Why Cacai sees herself as a superheroine

Cacai Bautista —ALEC CORPUZ

Comedienne Cacai Bautista said she learned only from the best.

The actress, who traces her acting roots to musical theater, considers Celeste Legaspi and Lea Salonga her heroines in the said field. “Add to that Ate Regine Velasquez, my mentor in music,” she said during her recent visit to Inquirer’s Makati office.

Cacai was a celebrity storyteller at a recent session of the Inquirer Read-Along. She recalled the time when she worked as Lea’s wardrobe assistant for the musical, “They’re Playing Our Song,” in 2000.

“She’s strict, but she never gave me a hard time,” said Cacai of Lea, the Tony winner who’s also a columnist of Inquirer Entertainment. “It was my job to take care of her costumes and help her during quick changes. In the 80 shows that we’ve done, she was never late. She’s very disciplined—a true professional.”

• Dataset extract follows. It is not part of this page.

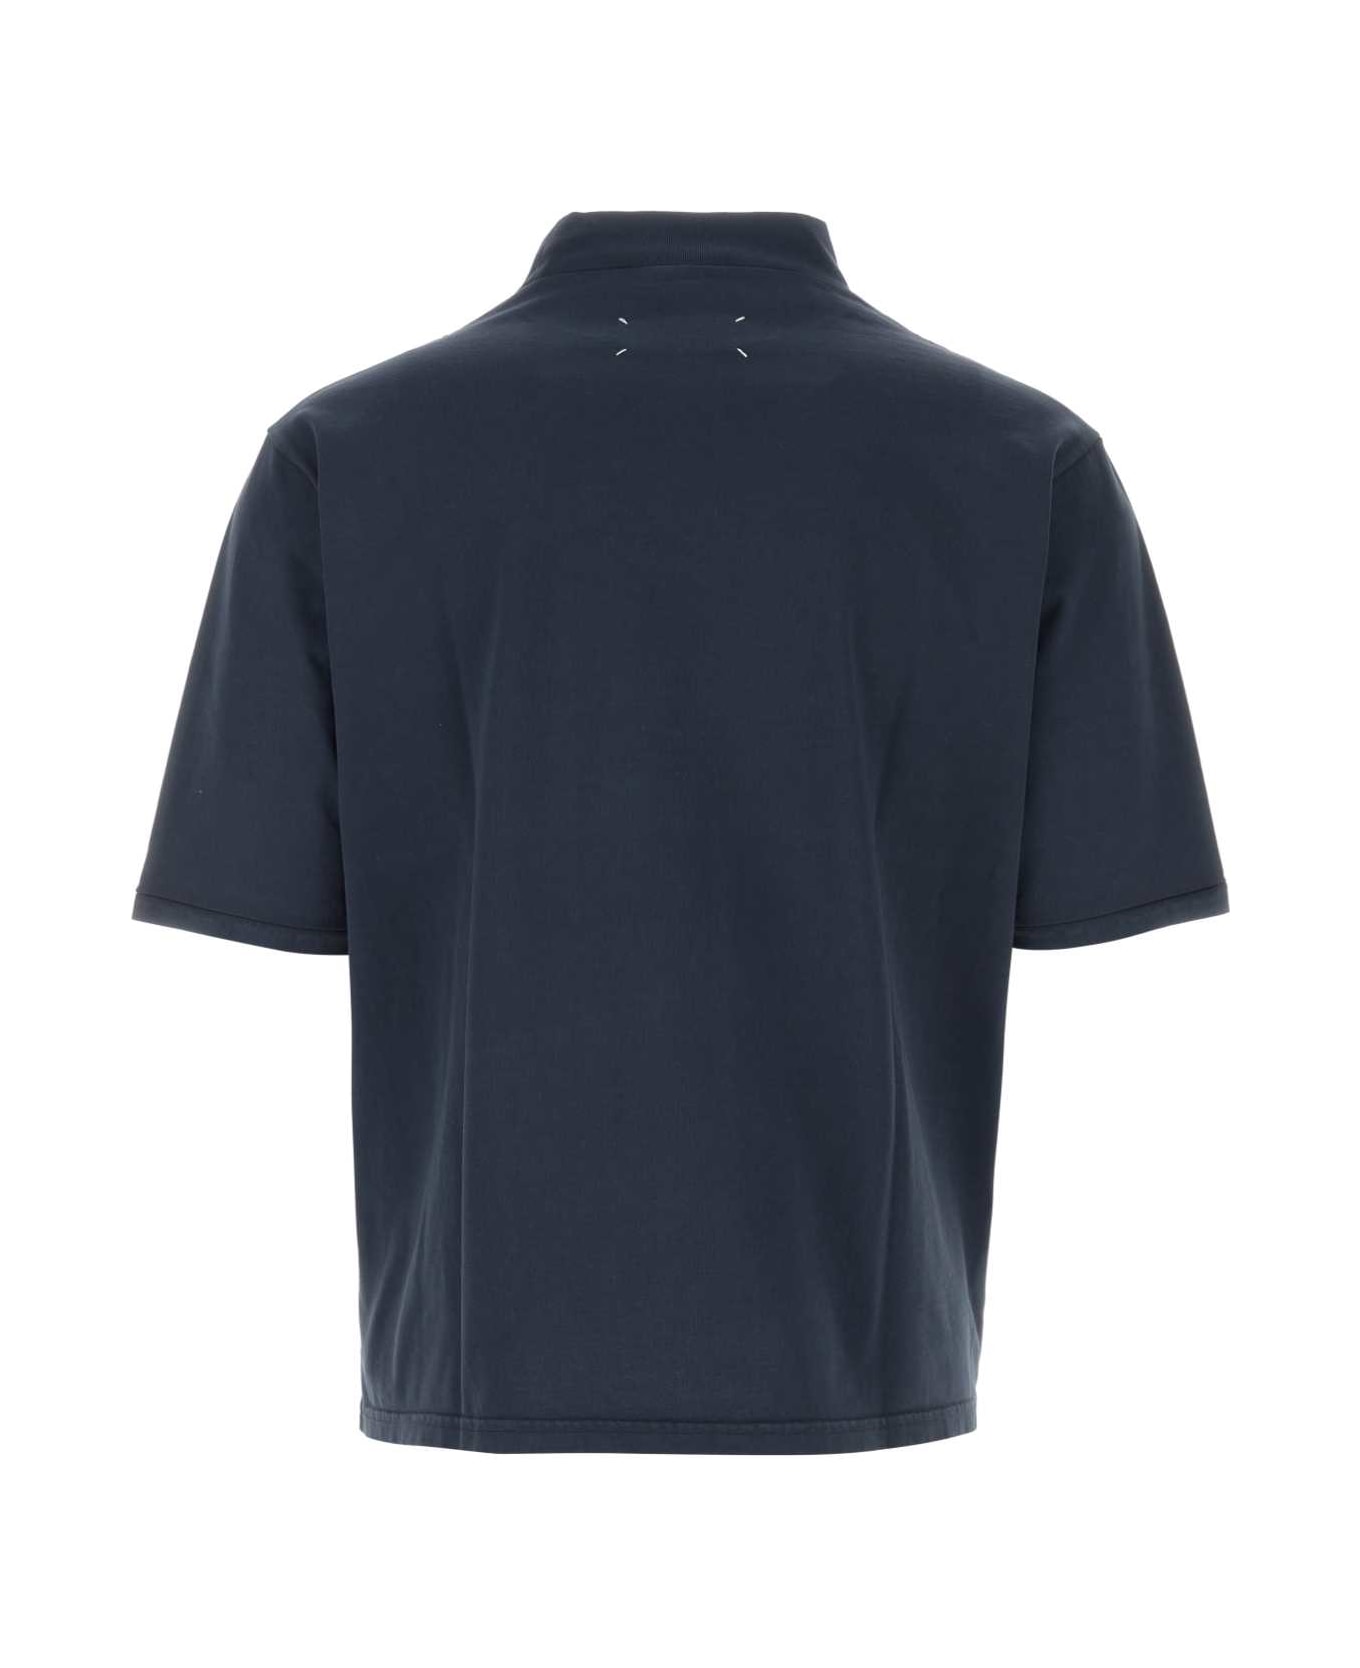 Maison Margiela Navy Blue Cotton T-shirt - NAVY シャツ

Celeste shares the same traits with Lea, Cacai observed: “Celeste is a perfectionist. We would all be singing together (for the play, ‘Alikabok’), but she would still be able to pinpoint who is singing in the wrong key. There was a time when, while the show was already running, she would go backstage to say, ‘Hi! You’re a little bit flat. Maybe you can do this…’”

Regine, meanwhile, has remained humble through the years, said Cacai. “She told me I have a good singing voice, and that I should pursue performing. That’s my idol already telling me that I should sing publicly, so why won’t I listen? She’s really an inspiration to me and to a lot of artists.”

She was in the cast of the long-running musical, “Rak of Aegis.” Cacai was first seen on television in 2003, in the John Lloyd Cruz-Bea Alonzo series, “Kay Tagal Kang Hinintay.” She has since appeared in various shows and movies, the latest of which was Julius Alfonso’s rom-com, “Harry & Patty.”

Cacai mused: “I can say that I have indeed come a long way from the time I left home, without my parents’ blessings, to pursue my love for the arts. They wanted me to do something else because they said there was no money in performing. Look where I still ended up!”

In fact, because of her work as an actress, Cacai was able to send her three siblings to school and buy her mother a piece of land. “We’re now in the process of building a house on that lot,” she disclosed proudly. To our comment that, unknowingly, she has become a heroine to her family, Cacai replied: “Sumobra pa ako kay Darna! I guess we’re all heroes to someone at some point.”